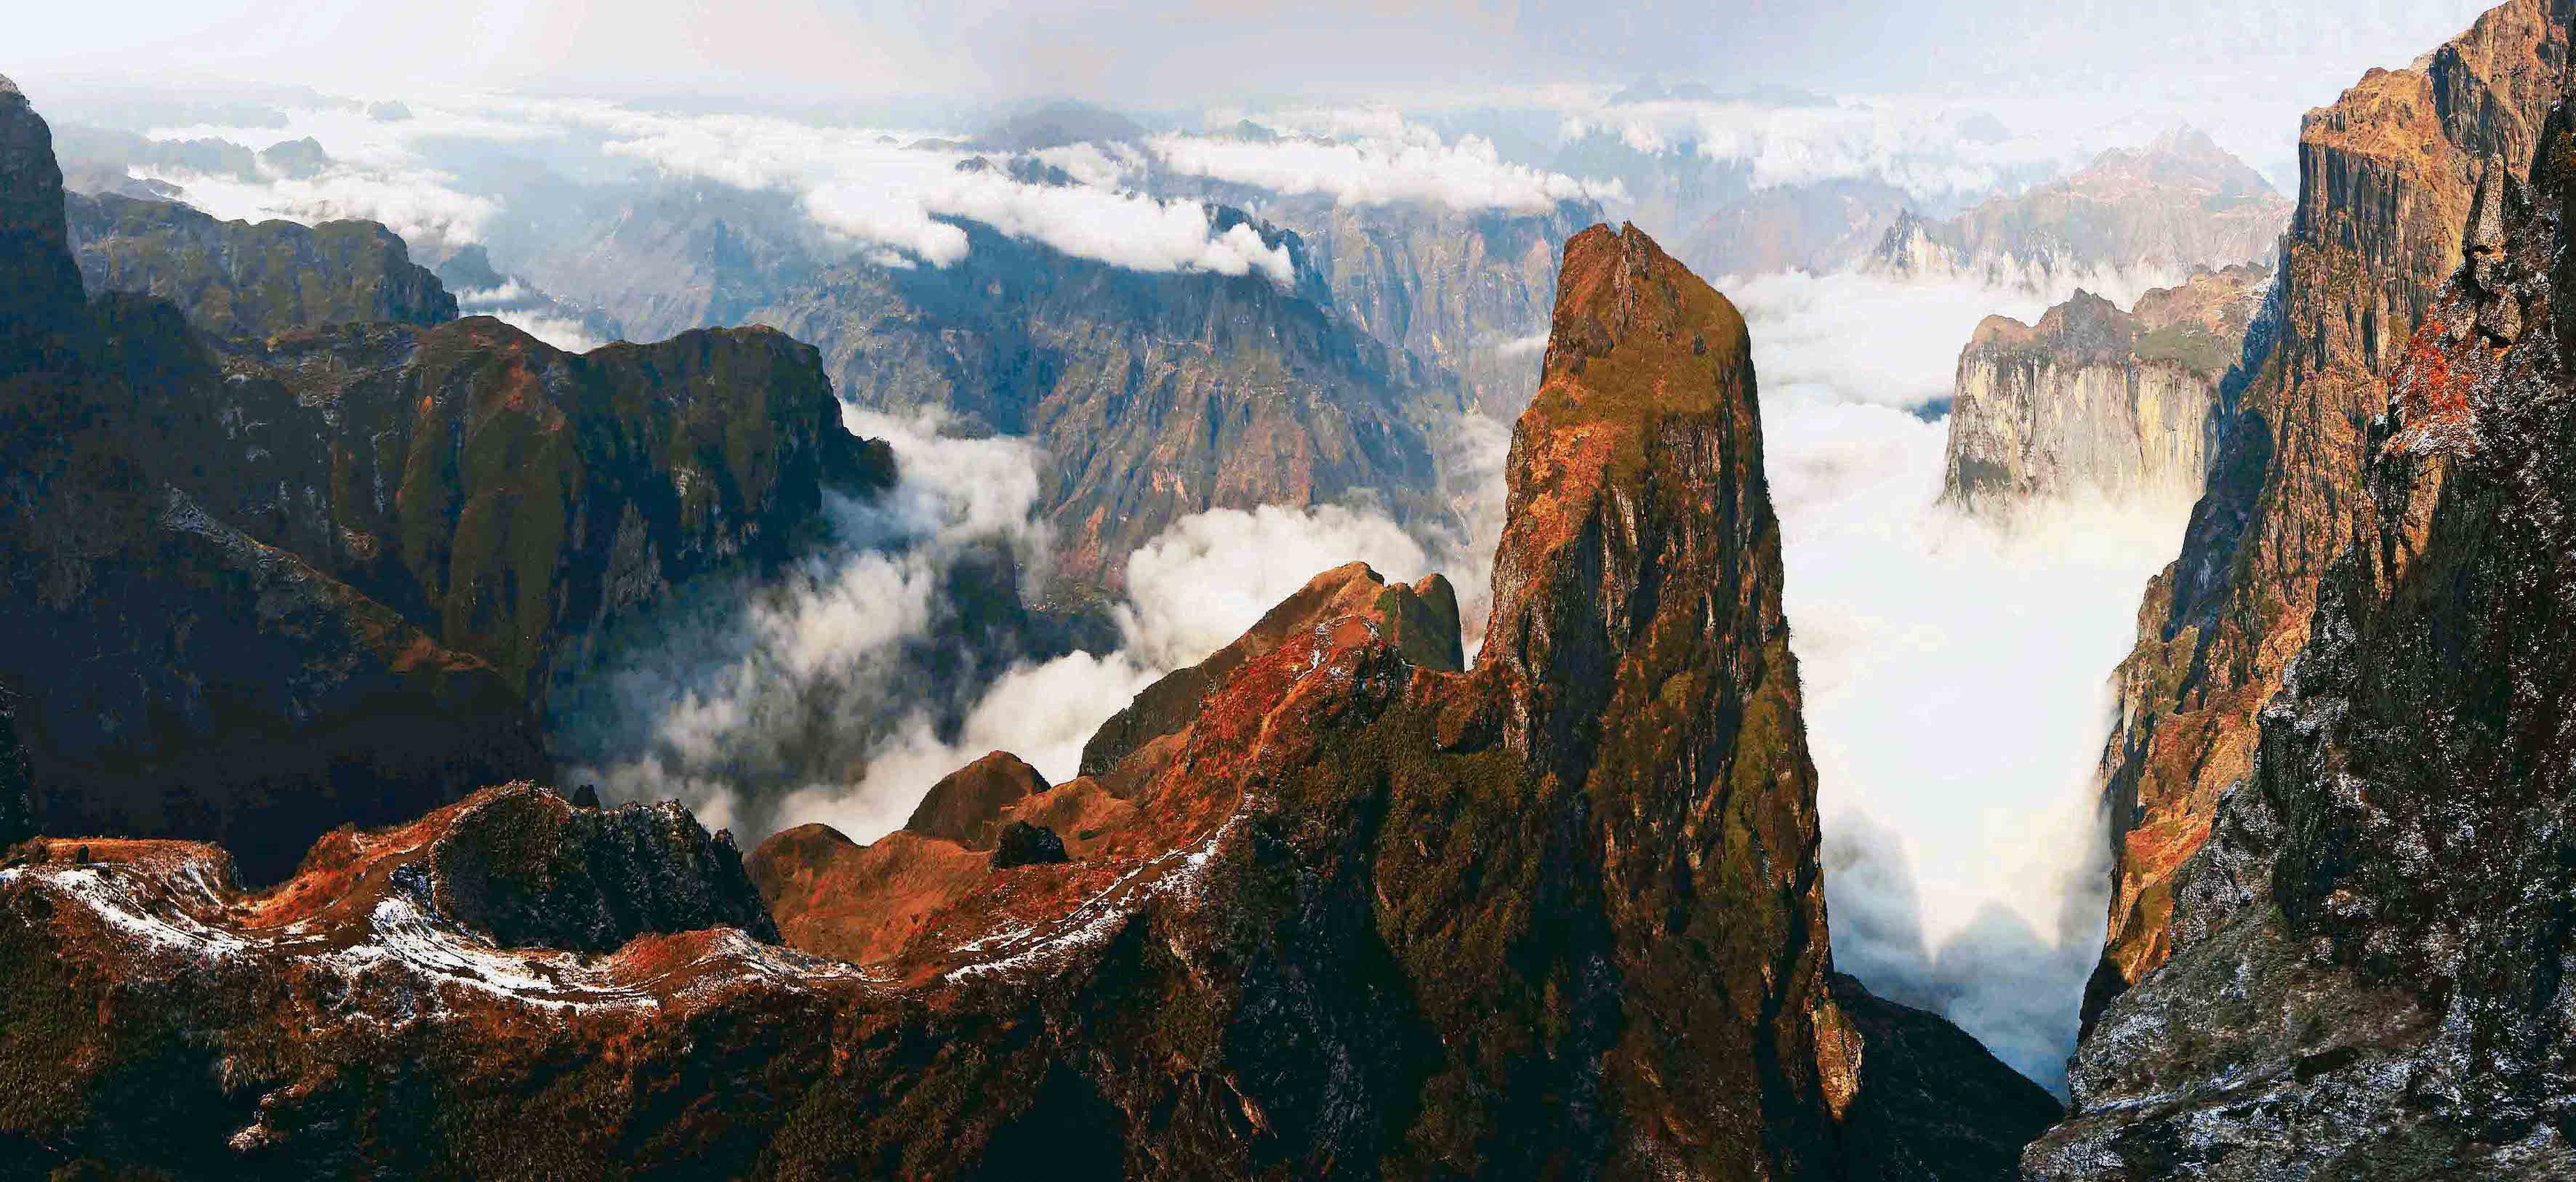 Spectacular Yunnan: The grand canyons of west China
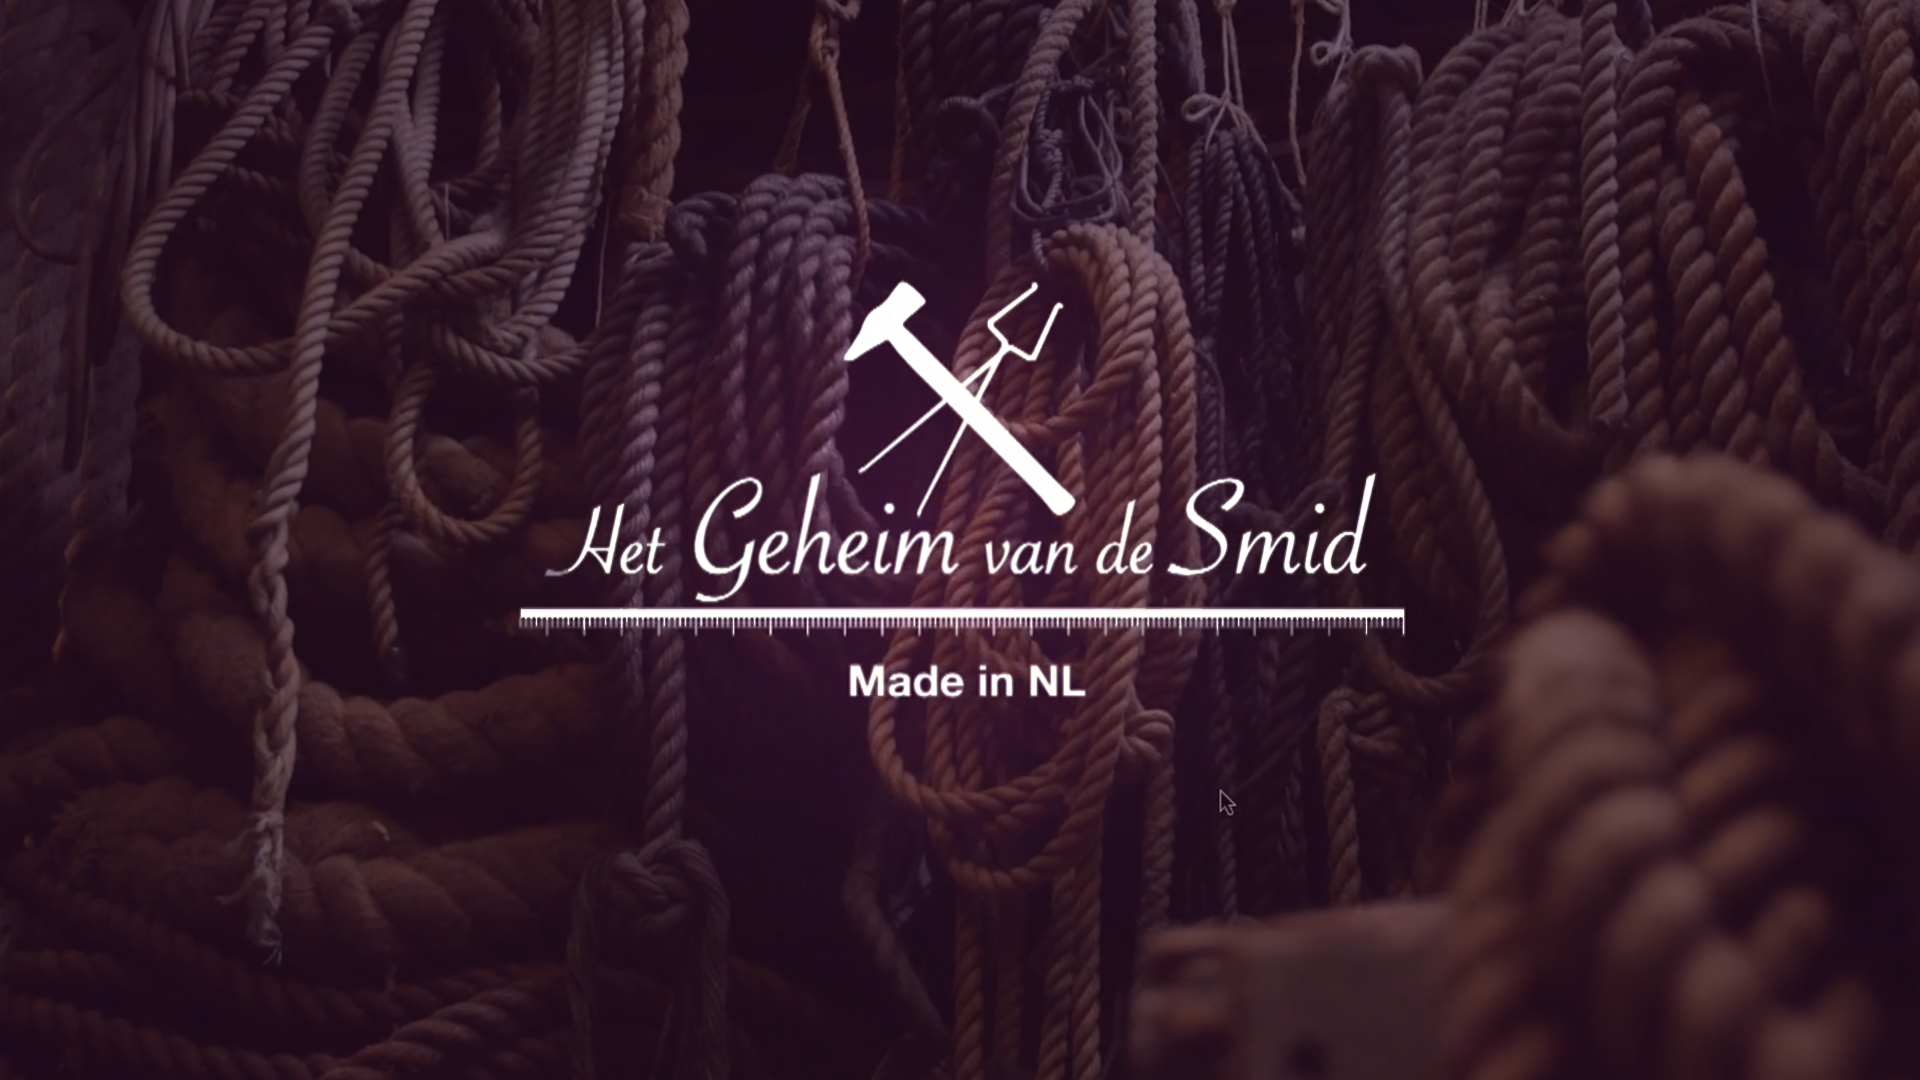 MADE IN NL
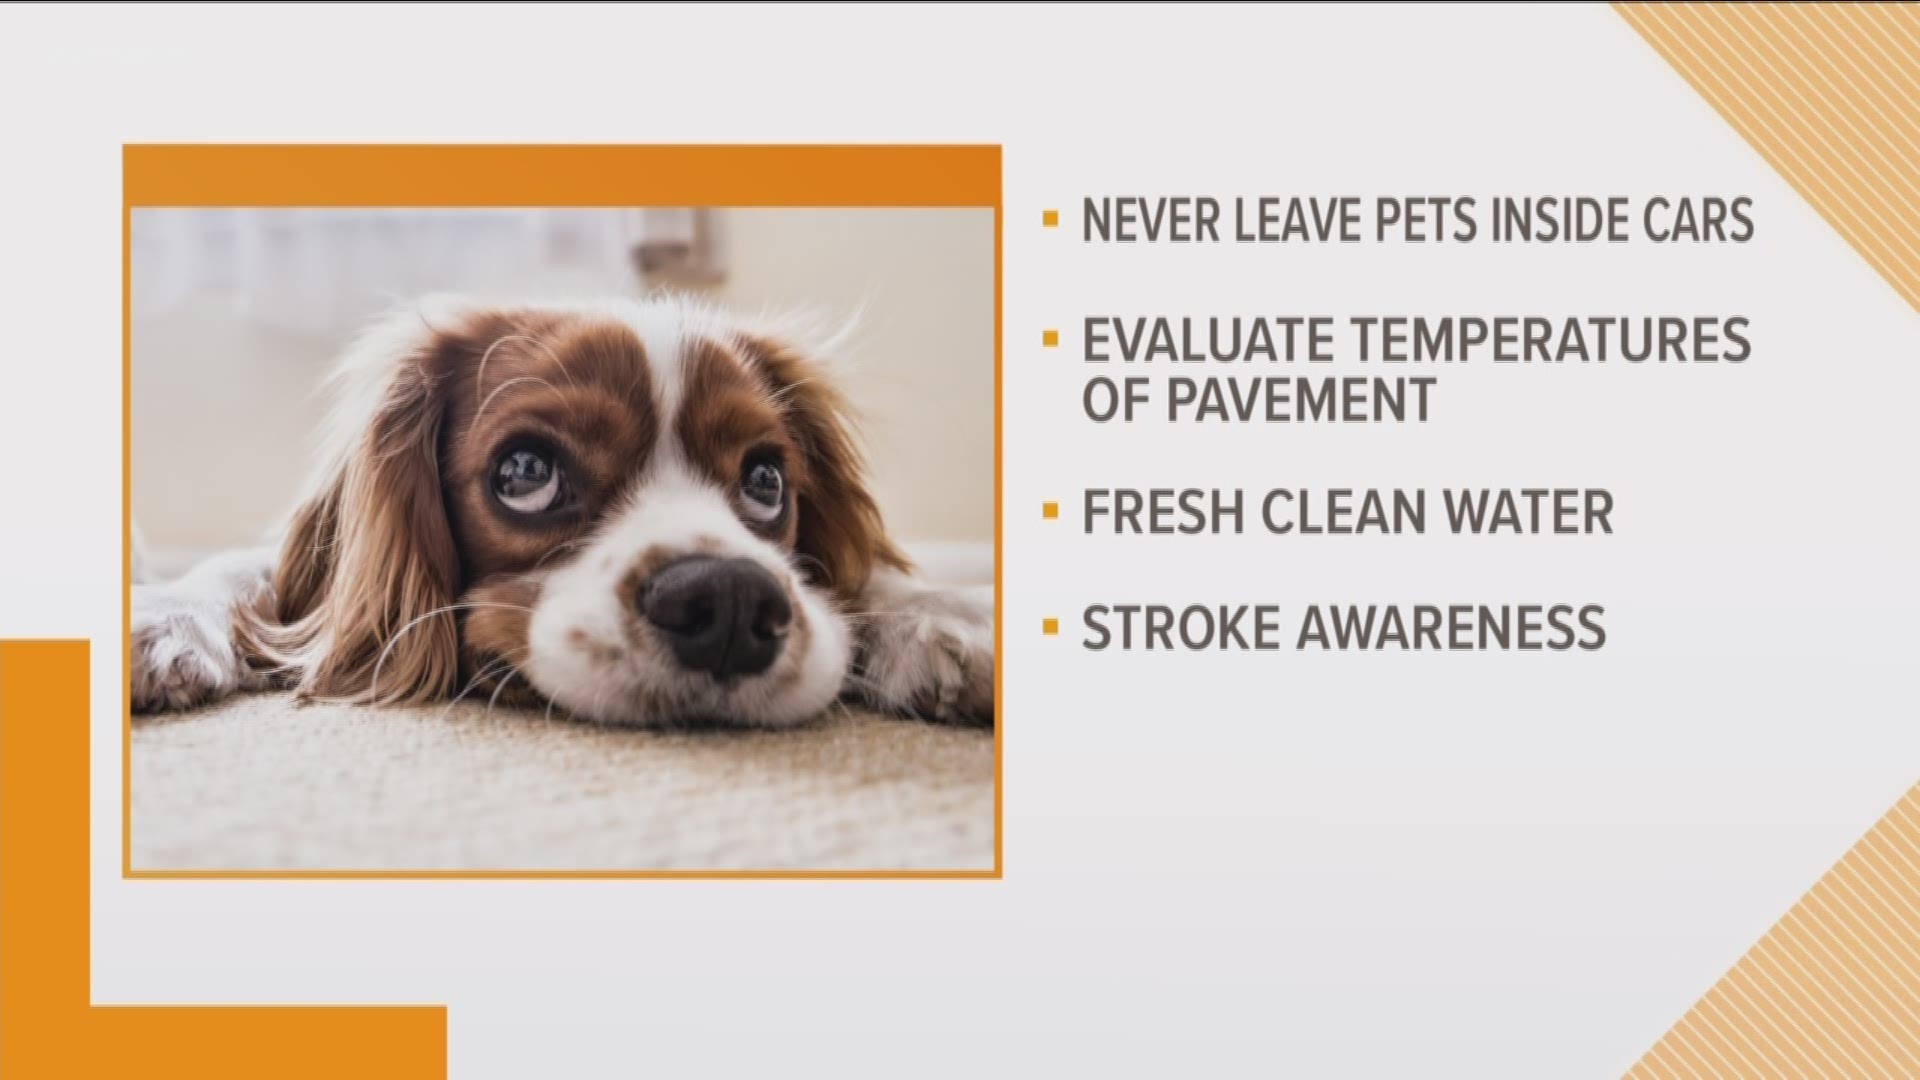 Pets don't cool off the same way you do. Dr. Heidi Patterson, from the SouthCare Animal Medical Center, is sharing tips to help prevent heat related injuries and illnesses.

ABOUT THIS TASK. Repeat the listing in full and exactly. Leave any pictures out.

RESPONSE AREA.
 Spectacular Yunnan: The grand canyons of west China
 MADE IN NL
 Pets don't cool off the same way you do. Dr. Heidi Patterson, from the SouthCare Animal Medical Center, is sharing tips to help prevent heat related injuries and illnesses.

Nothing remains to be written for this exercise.